I have got 4 equations as shown below. I'm considering if there is any simple method to solve it.
$d_1+d_2+d_3+d_4=0$
$\alpha d_1-\alpha d_2+\beta d_3-\beta d_4=1-e^{-\omega t}$
$d_1 e^{AL}+d_2e^{-AL}+d_3e^{BL}+d_4e^{-BL}=0$
$\alpha d_1 e^{AL}-\alpha d_2e^{-AL}+\beta d_3e^{BL}-\beta d_4e^{-BL}=0$
all parameters $\alpha, \omega , \beta , A , B, L $ are constant numbers which will change based on conditions of the problem.
Thank you
This is a system of four equations in 4 unknowns. You can form the matrix $$ M = \pmatrix{1 & 1 & 1 & 1 \\ \alpha & -\alpha & \beta & -\beta\\ e^{AL} & e^{-AL} & e^{BL} & e^{-BL} \\ \alpha e^{AL} & -\alpha e^{-AL} & \beta e^{BL}& -\beta e^{-BL} } $$ and the vector $$ b = \pmatrix{ 0\\ 1 - e^{-\omega t} \\ 0 \\ 0} $$ and the solve $Ad = b$ for $d$, namely $d = A^{-1} b$.

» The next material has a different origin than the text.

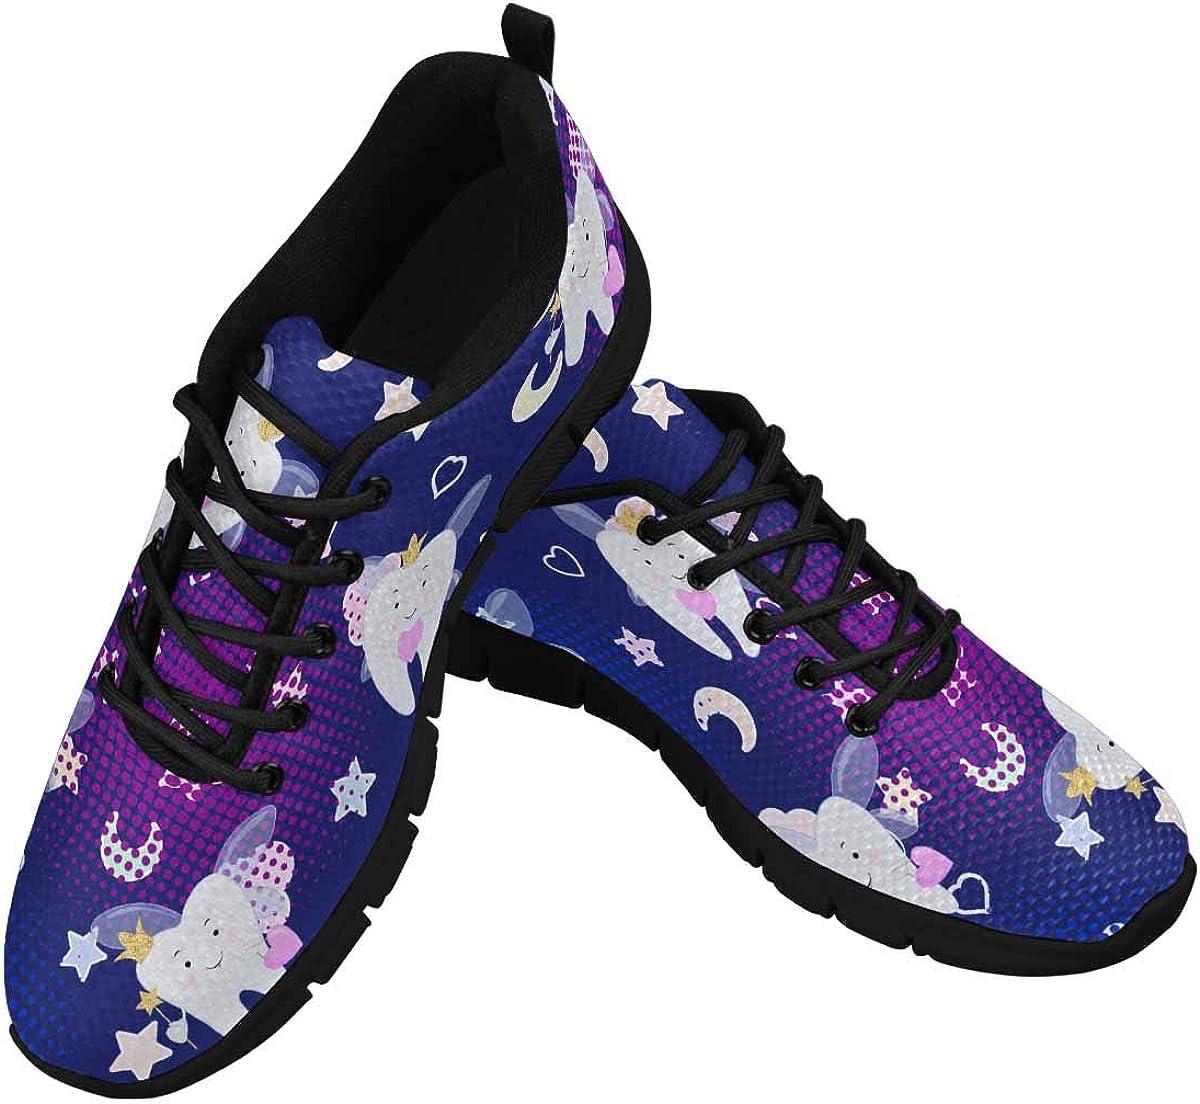 InterestPrint Tooth Fairy Cartoon Women's Athletic Walking Running Sneakers Comfortable Lightweight Shoes

Since your parameters look as if they'll be real numbers, the chances that there's a generic nice form for $A^{-1}$ is small; instead, why not just use a numerical solver, like Matlab's
d = A \ b;?\Alternatively, writing $a$ for $\alpha$ and $b$ for $\beta$, and $Q$ for $e^{AL}$ and $R$ for $e^{BL}$, your matrix is
$$ M = \pmatrix{1 & 1 & 1 & 1 \\ a & -a & b & -b\\ Q & 1/Q & R & 1/R \\ aQ & -a/Q & bR& -b/R } $$ which is amenable to Gaussian elimination to make it upper triangular, and thus easy to work with. Subtract $a$ times first from second and $a$ times third from 4th to get $$ M_1 = \pmatrix{1 & 1 & 1 & 1 \\ 0 & -2a & b-a & -b-a\\ Q & 1/Q & R & 1/R \\ 0 & -2a/Q & (b-a)R& -(b+a)/R } $$ Subtract $Q$ times first from third to get $$ M_2 = \pmatrix{1 & 1 & 1 & 1 \\ 0 & -2a & b-a & -b-a\\ 0 & 1/Q-Q & R-Q & 1/R-Q \\ 0 & -2a/Q & (b-a)R& -(b+a)/R } $$ Subtract $1/Q$ times second from fourth to get $$ M_3 = \pmatrix{1 & 1 & 1 & 1 \\ 0 & -2a & b-a & -b-a\\ 0 & 1/Q-Q & R-Q & 1/R-Q \\ 0 & 0 & (b-a)R- (b-a)/Q& -(b+a)/R - (b+a)/Q } $$
Continue like this until you get something upper triangular (albeit messy); then back-substitution will give you an answer.